Aim of the task:
Write out the whole listing exactly.

------------------------

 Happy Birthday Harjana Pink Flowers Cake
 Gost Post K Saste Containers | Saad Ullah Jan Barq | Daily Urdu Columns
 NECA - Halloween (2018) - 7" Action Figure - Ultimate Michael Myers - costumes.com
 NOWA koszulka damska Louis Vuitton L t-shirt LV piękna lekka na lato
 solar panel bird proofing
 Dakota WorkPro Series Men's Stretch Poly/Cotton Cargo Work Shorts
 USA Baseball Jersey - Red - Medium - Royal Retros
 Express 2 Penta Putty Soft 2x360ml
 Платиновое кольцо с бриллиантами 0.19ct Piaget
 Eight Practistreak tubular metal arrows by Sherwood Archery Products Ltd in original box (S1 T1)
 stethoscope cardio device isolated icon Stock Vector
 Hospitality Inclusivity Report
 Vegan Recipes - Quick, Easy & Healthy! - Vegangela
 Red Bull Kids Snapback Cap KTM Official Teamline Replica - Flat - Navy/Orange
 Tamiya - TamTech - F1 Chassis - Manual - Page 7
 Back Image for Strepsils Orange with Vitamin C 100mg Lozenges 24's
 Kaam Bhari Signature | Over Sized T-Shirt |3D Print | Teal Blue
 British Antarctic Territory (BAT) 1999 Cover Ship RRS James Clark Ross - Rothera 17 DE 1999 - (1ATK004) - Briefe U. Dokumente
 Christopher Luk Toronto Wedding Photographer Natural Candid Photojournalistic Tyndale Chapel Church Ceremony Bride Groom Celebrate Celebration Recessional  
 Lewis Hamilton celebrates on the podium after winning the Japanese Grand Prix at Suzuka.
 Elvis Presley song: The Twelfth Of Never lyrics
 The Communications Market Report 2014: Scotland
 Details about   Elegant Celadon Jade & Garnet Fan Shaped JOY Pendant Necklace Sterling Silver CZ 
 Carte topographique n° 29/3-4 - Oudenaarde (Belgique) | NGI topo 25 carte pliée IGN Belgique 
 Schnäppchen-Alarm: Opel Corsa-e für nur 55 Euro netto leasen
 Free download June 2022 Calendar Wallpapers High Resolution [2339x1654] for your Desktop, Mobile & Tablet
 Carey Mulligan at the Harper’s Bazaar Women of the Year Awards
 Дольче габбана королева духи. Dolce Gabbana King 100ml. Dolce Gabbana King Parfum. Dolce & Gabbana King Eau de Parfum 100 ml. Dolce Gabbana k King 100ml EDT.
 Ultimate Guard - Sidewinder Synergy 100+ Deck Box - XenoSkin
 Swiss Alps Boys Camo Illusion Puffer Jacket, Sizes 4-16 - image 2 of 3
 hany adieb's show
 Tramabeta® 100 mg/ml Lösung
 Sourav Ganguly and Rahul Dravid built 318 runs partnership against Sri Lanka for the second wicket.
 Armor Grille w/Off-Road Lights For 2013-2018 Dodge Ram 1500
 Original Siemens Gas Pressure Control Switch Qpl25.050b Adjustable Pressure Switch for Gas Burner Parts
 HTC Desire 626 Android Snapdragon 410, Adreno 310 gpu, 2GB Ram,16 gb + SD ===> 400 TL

------------------------

Written solution:
 Happy Birthday Harjana Pink Flowers Cake
 Gost Post K Saste Containers | Saad Ullah Jan Barq | Daily Urdu Columns
 NECA - Halloween (2018) - 7" Action Figure - Ultimate Michael Myers - costumes.com
 NOWA koszulka damska Louis Vuitton L t-shirt LV piękna lekka na lato
 solar panel bird proofing
 Dakota WorkPro Series Men's Stretch Poly/Cotton Cargo Work Shorts
 USA Baseball Jersey - Red - Medium - Royal Retros
 Express 2 Penta Putty Soft 2x360ml
 Платиновое кольцо с бриллиантами 0.19ct Piaget
 Eight Practistreak tubular metal arrows by Sherwood Archery Products Ltd in original box (S1 T1)
 stethoscope cardio device isolated icon Stock Vector
 Hospitality Inclusivity Report
 Vegan Recipes - Quick, Easy & Healthy! - Vegangela
 Red Bull Kids Snapback Cap KTM Official Teamline Replica - Flat - Navy/Orange
 Tamiya - TamTech - F1 Chassis - Manual - Page 7
 Back Image for Strepsils Orange with Vitamin C 100mg Lozenges 24's
 Kaam Bhari Signature | Over Sized T-Shirt |3D Print | Teal Blue
 British Antarctic Territory (BAT) 1999 Cover Ship RRS James Clark Ross - Rothera 17 DE 1999 - (1ATK004) - Briefe U. Dokumente
 Christopher Luk Toronto Wedding Photographer Natural Candid Photojournalistic Tyndale Chapel Church Ceremony Bride Groom Celebrate Celebration Recessional  
 Lewis Hamilton celebrates on the podium after winning the Japanese Grand Prix at Suzuka.
 Elvis Presley song: The Twelfth Of Never lyrics
 The Communications Market Report 2014: Scotland
 Details about   Elegant Celadon Jade & Garnet Fan Shaped JOY Pendant Necklace Sterling Silver CZ 
 Carte topographique n° 29/3-4 - Oudenaarde (Belgique) | NGI topo 25 carte pliée IGN Belgique 
 Schnäppchen-Alarm: Opel Corsa-e für nur 55 Euro netto leasen
 Free download June 2022 Calendar Wallpapers High Resolution [2339x1654] for your Desktop, Mobile & Tablet
 Carey Mulligan at the Harper’s Bazaar Women of the Year Awards
 Дольче габбана королева духи. Dolce Gabbana King 100ml. Dolce Gabbana King Parfum. Dolce & Gabbana King Eau de Parfum 100 ml. Dolce Gabbana k King 100ml EDT.
 Ultimate Guard - Sidewinder Synergy 100+ Deck Box - XenoSkin
 Swiss Alps Boys Camo Illusion Puffer Jacket, Sizes 4-16 - image 2 of 3
 hany adieb's show
 Tramabeta® 100 mg/ml Lösung
 Sourav Ganguly and Rahul Dravid built 318 runs partnership against Sri Lanka for the second wicket.
 Armor Grille w/Off-Road Lights For 2013-2018 Dodge Ram 1500
 Original Siemens Gas Pressure Control Switch Qpl25.050b Adjustable Pressure Switch for Gas Burner Parts
 HTC Desire 626 Android Snapdragon 410, Adreno 310 gpu, 2GB Ram,16 gb + SD ===> 400 TL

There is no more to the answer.